Solaris 10オペレーティング・システムが提供する数多くの機能が、このセキュアな基盤の提供を支援します。例として、Solarisコンテナが提供するゾーンと特権によって特定のデータを分離できます。これによって、Webサービスを導入する企業が重要資産を望ましくないアクセスから隔離できるのです。
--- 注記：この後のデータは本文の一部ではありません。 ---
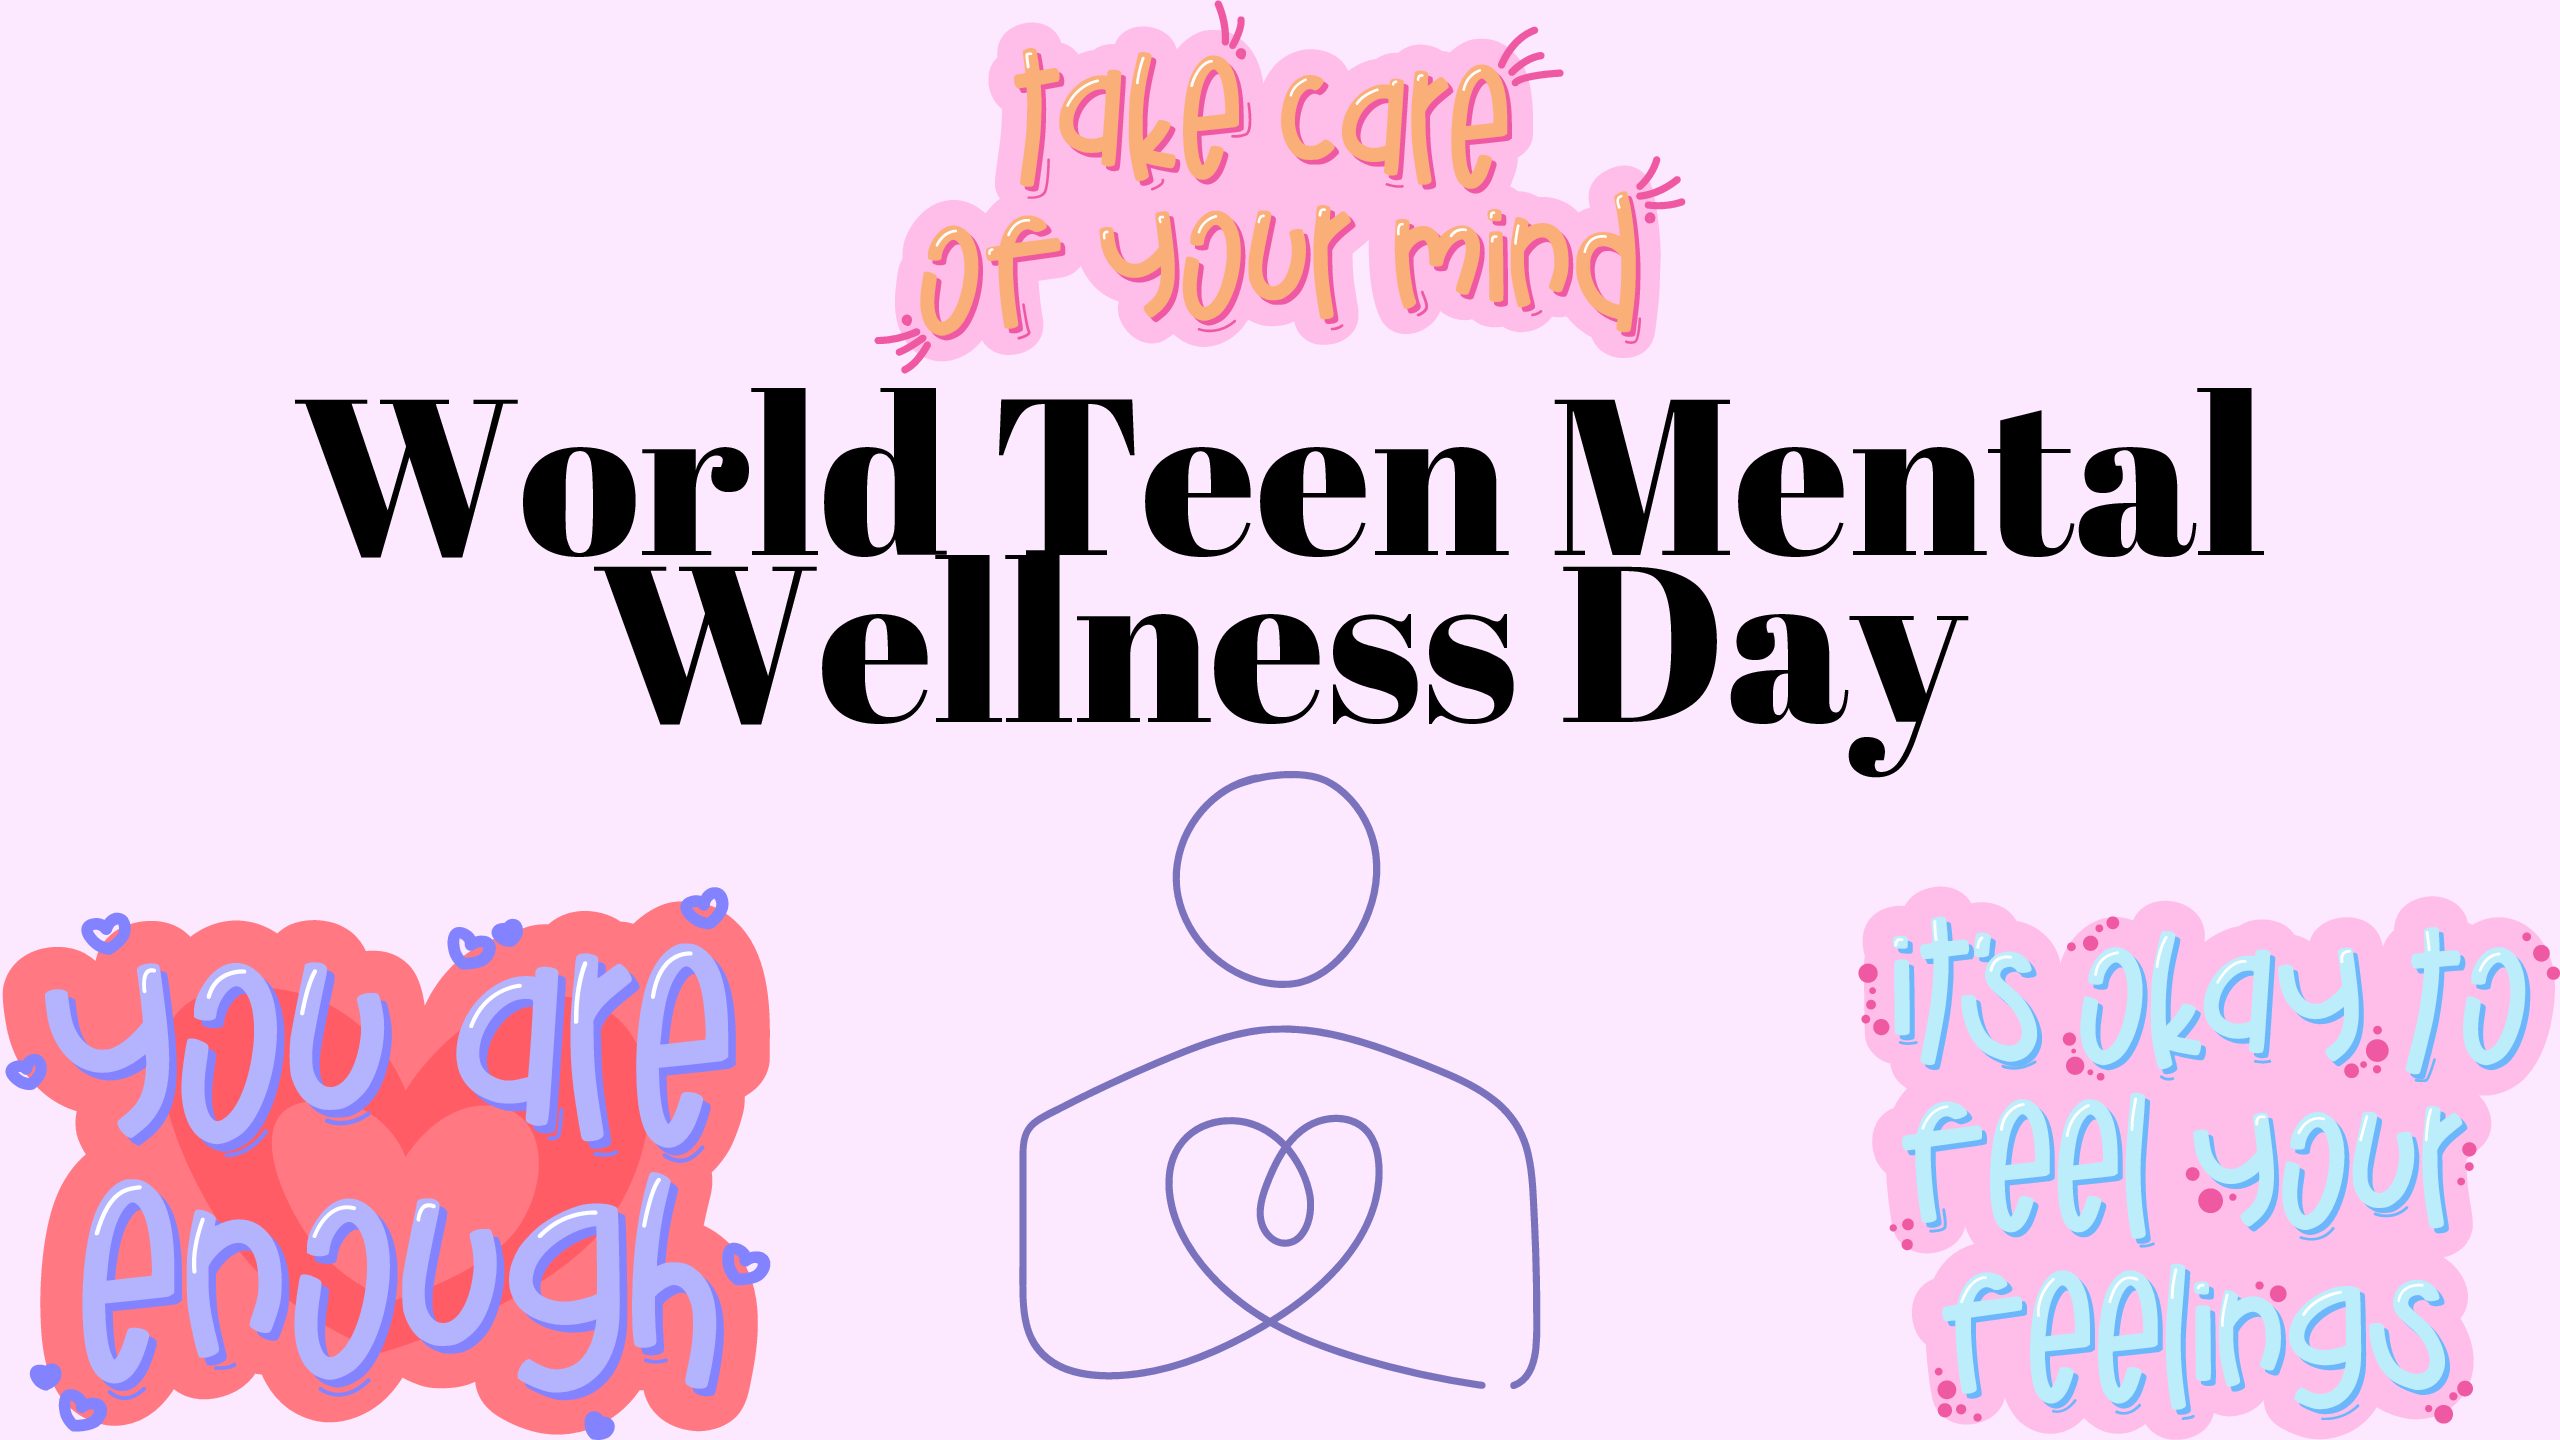 World Teens Mental Wellness Day!
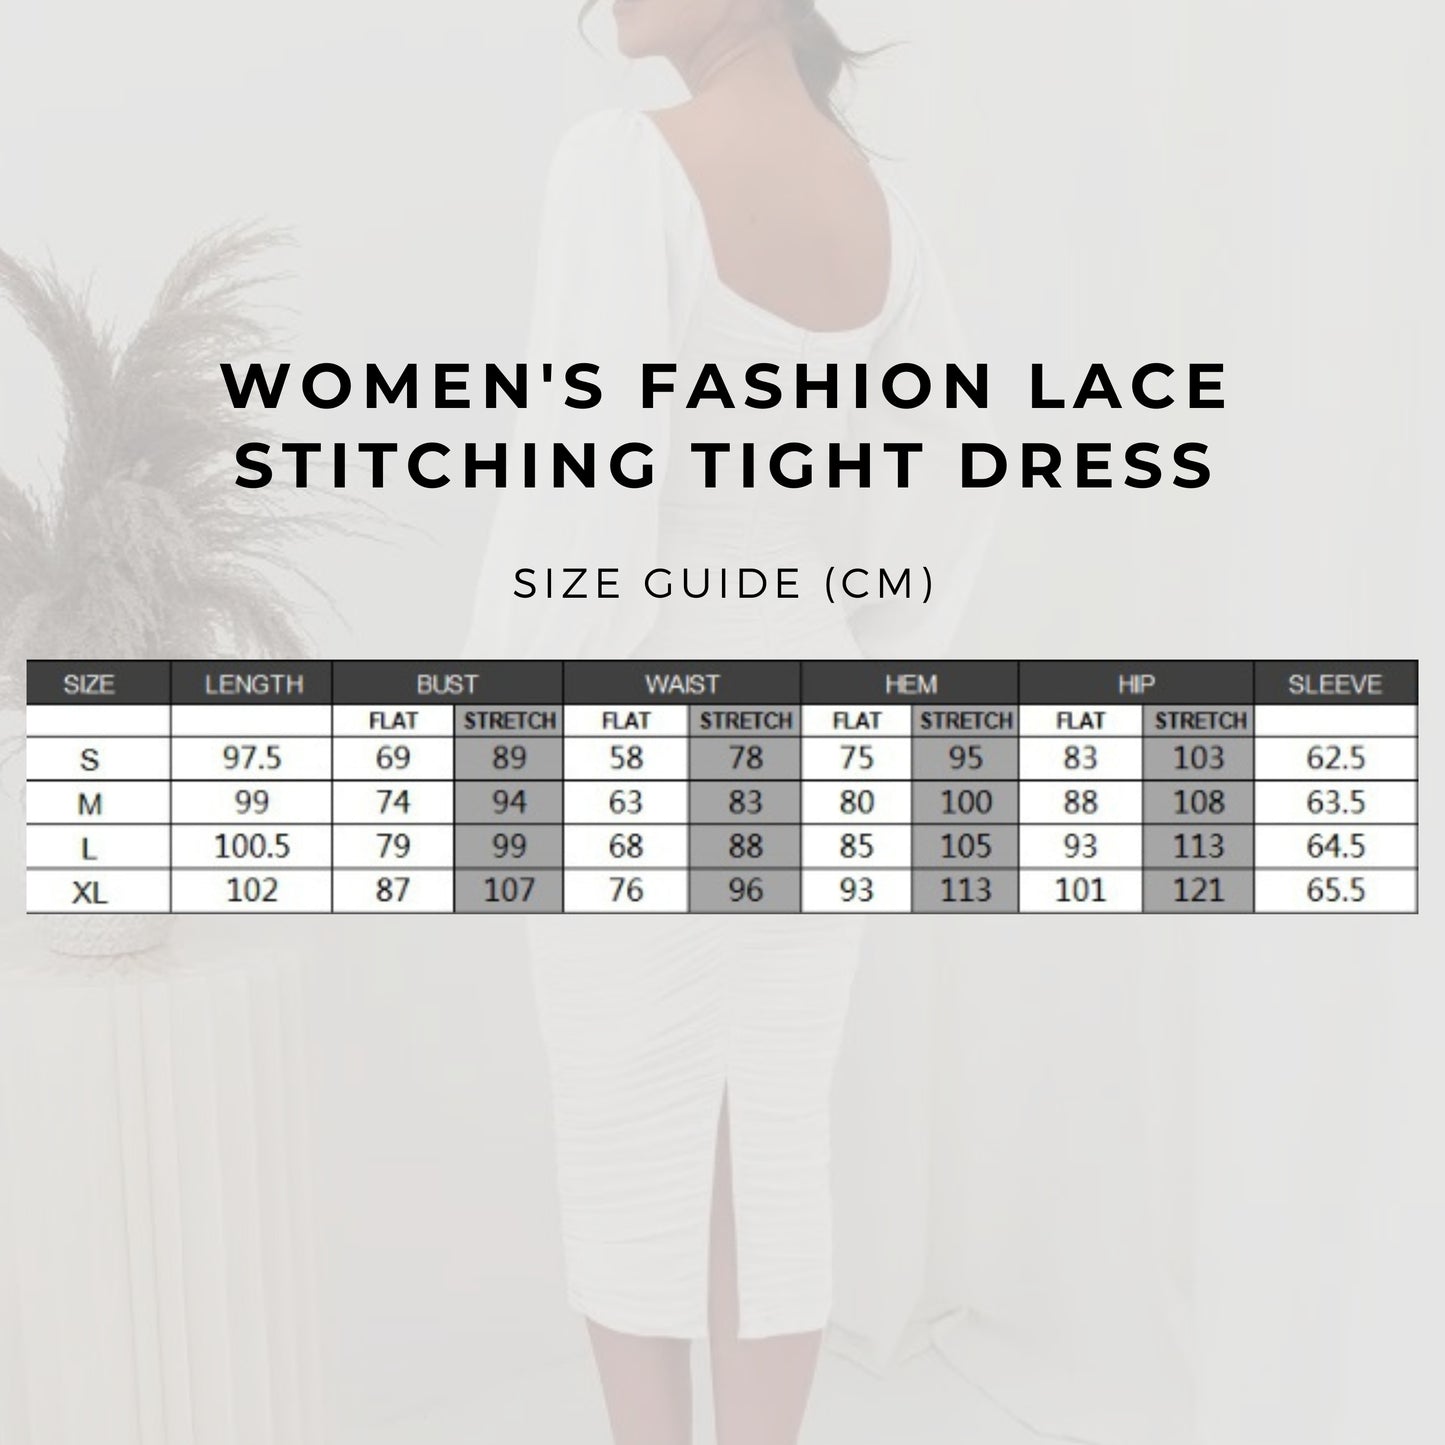 Women's Fashion Lace Stitching Tight Dress

組み込み型セキュリティ機能のワークロード上の考慮点がWebサービスのセキュリティにとってのもうひとつの重要な考慮事項になります。パフォーマンスやレスポンス時間の問題で、セキュリティがどれだけ頻繁に解除されるかを考えると恐ろしいものがあります。それに対処できるのが、UltraSPARC T2プロセッサの組み込み型暗号化設計です。このチップセットは、コプロセッサにかかる暗号化ワークロードの負荷を軽減するため、パフォーマンスのためにセキュリティを一時解除する必要がありません。

また、XML構文解析を高速化する専用の処理テクノロジによって、XMLメッセージの署名及び暗号化のセキュリティを間接的に強化することができます。サンのFast Infosetテクノロジや、Layer 7 Technologiesなどのベンダーが提供するアプライアンスを検討してみるとよいでしょう。

Webサービスのセキュアな拡張のためには、どのハードウェアとオペレーティング・システムを選ぶかが重要です。しかしセキュリティは、製品やテクノロジよりも重要です。ベスト・プラクティス、トレーニング、プロセス、及びポリシーは全て、Webスケールでアプリケーションを導入する際に重要な役割を果たします。